*** Opening Supplied data ***

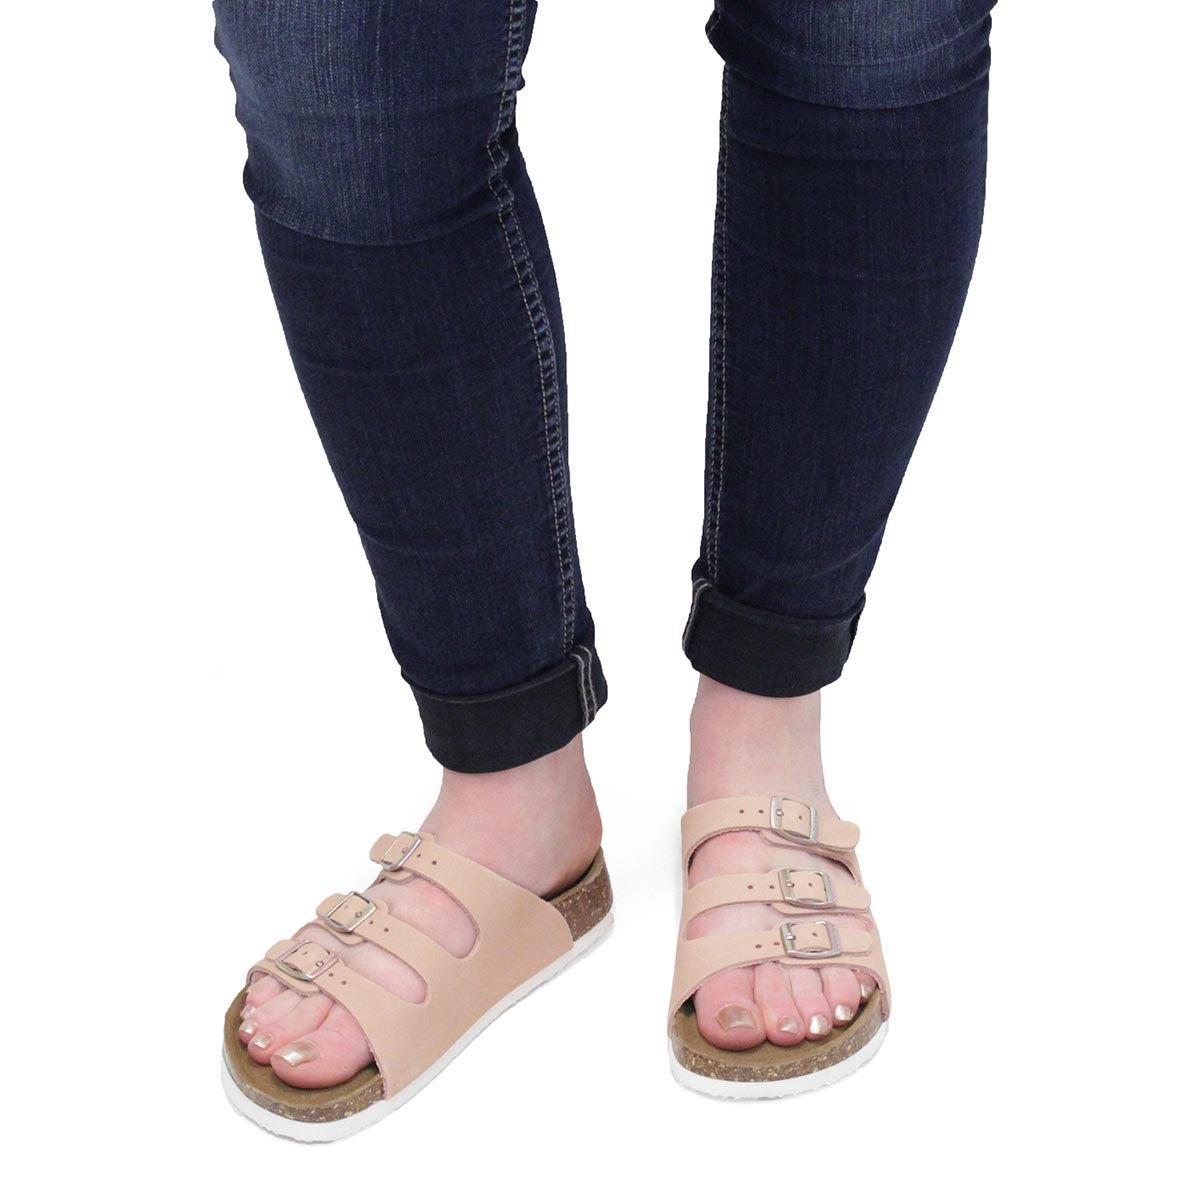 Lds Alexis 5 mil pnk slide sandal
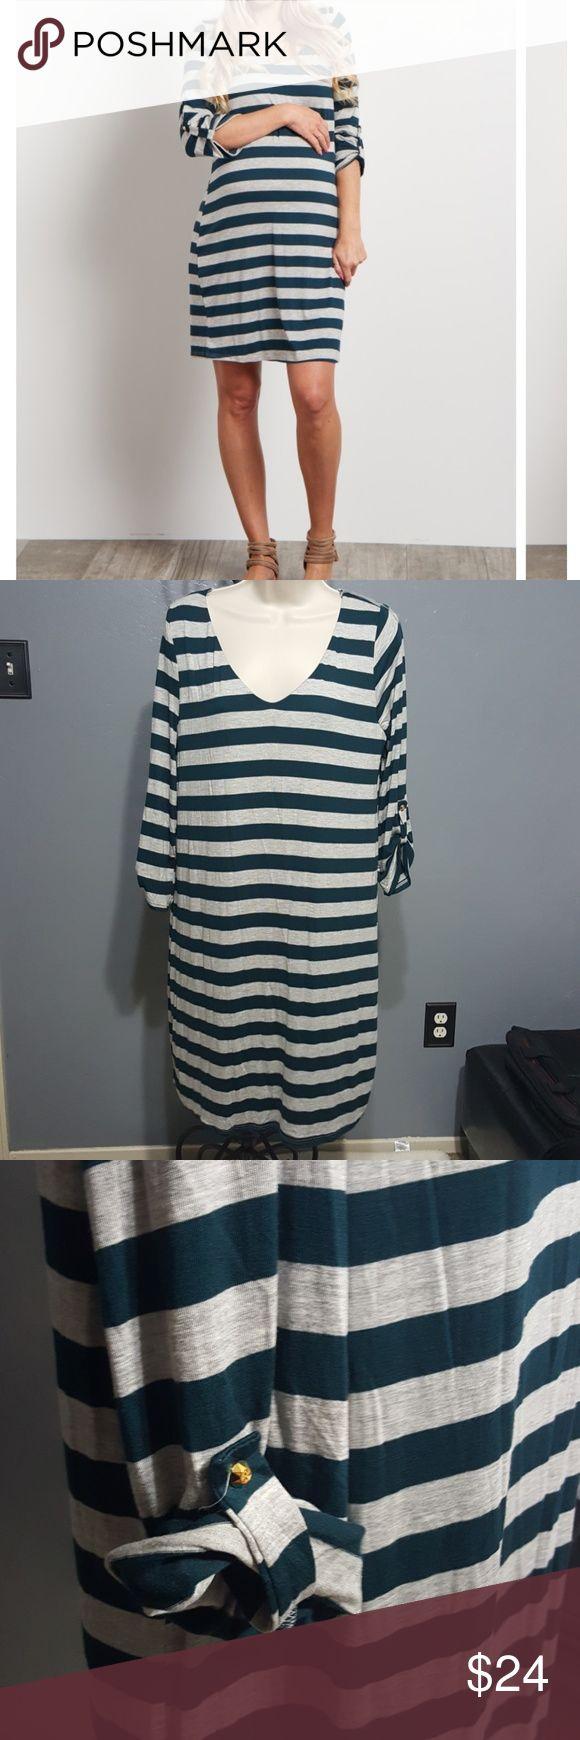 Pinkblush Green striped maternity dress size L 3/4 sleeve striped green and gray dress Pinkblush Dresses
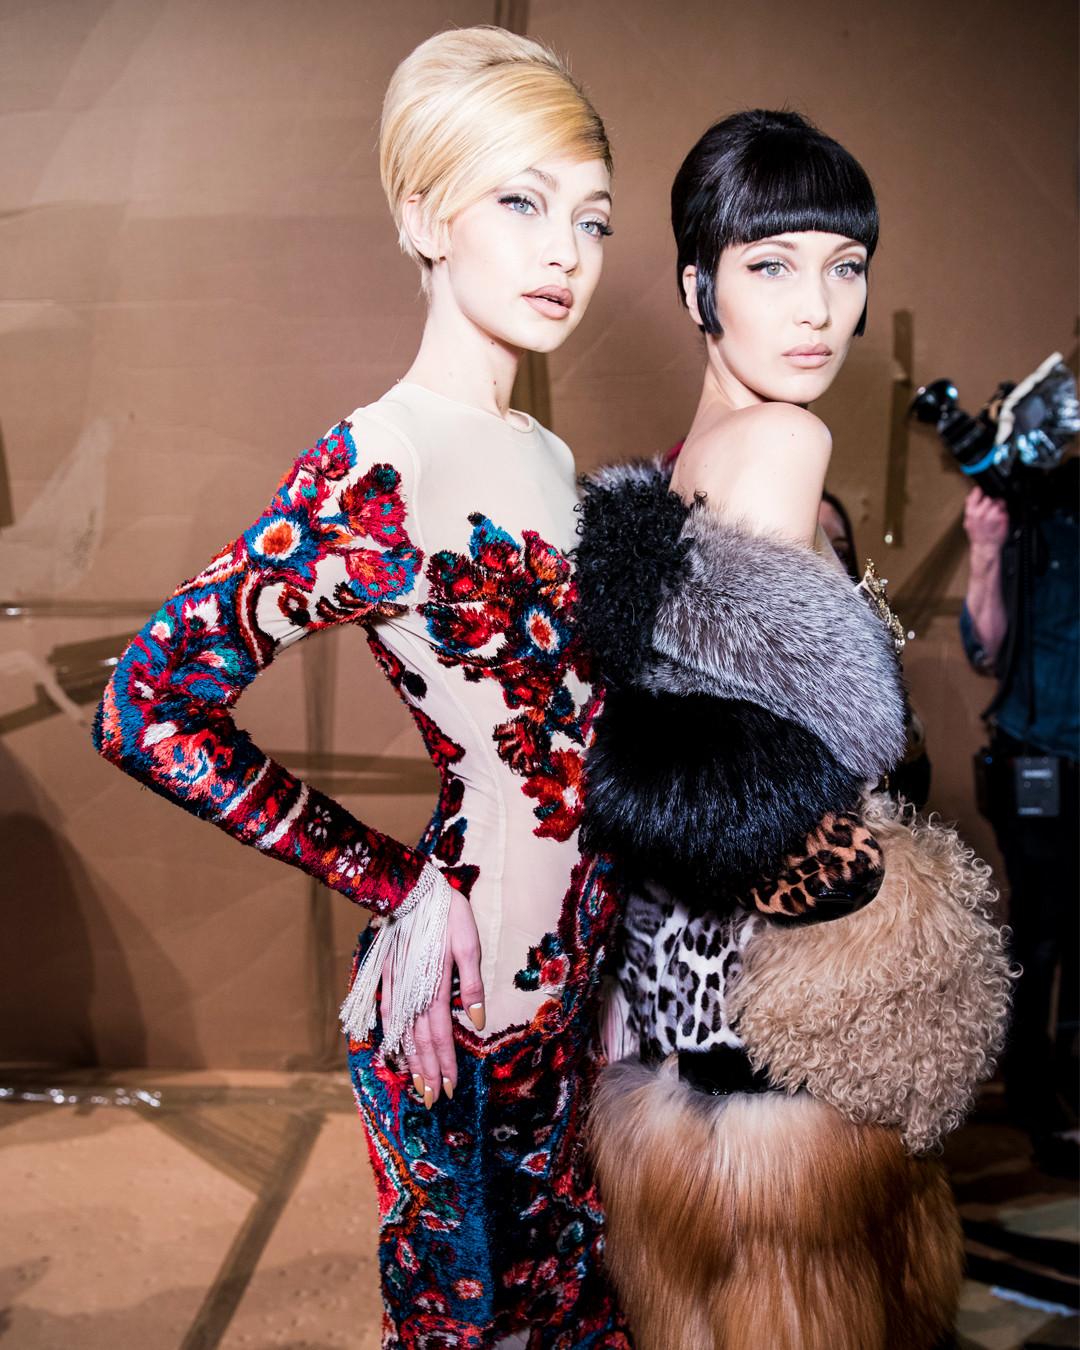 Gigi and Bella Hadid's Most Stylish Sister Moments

*** Closing Supplied data ***

§ Work to complete
Repeat, exactly and in full, all the material above except its pictures.

§ Answer for this exercise
 Lds Alexis 5 mil pnk slide sandal
 Pinkblush Green striped maternity dress size L 3/4 sleeve striped green and gray dress Pinkblush Dresses
 Gigi and Bella Hadid's Most Stylish Sister Moments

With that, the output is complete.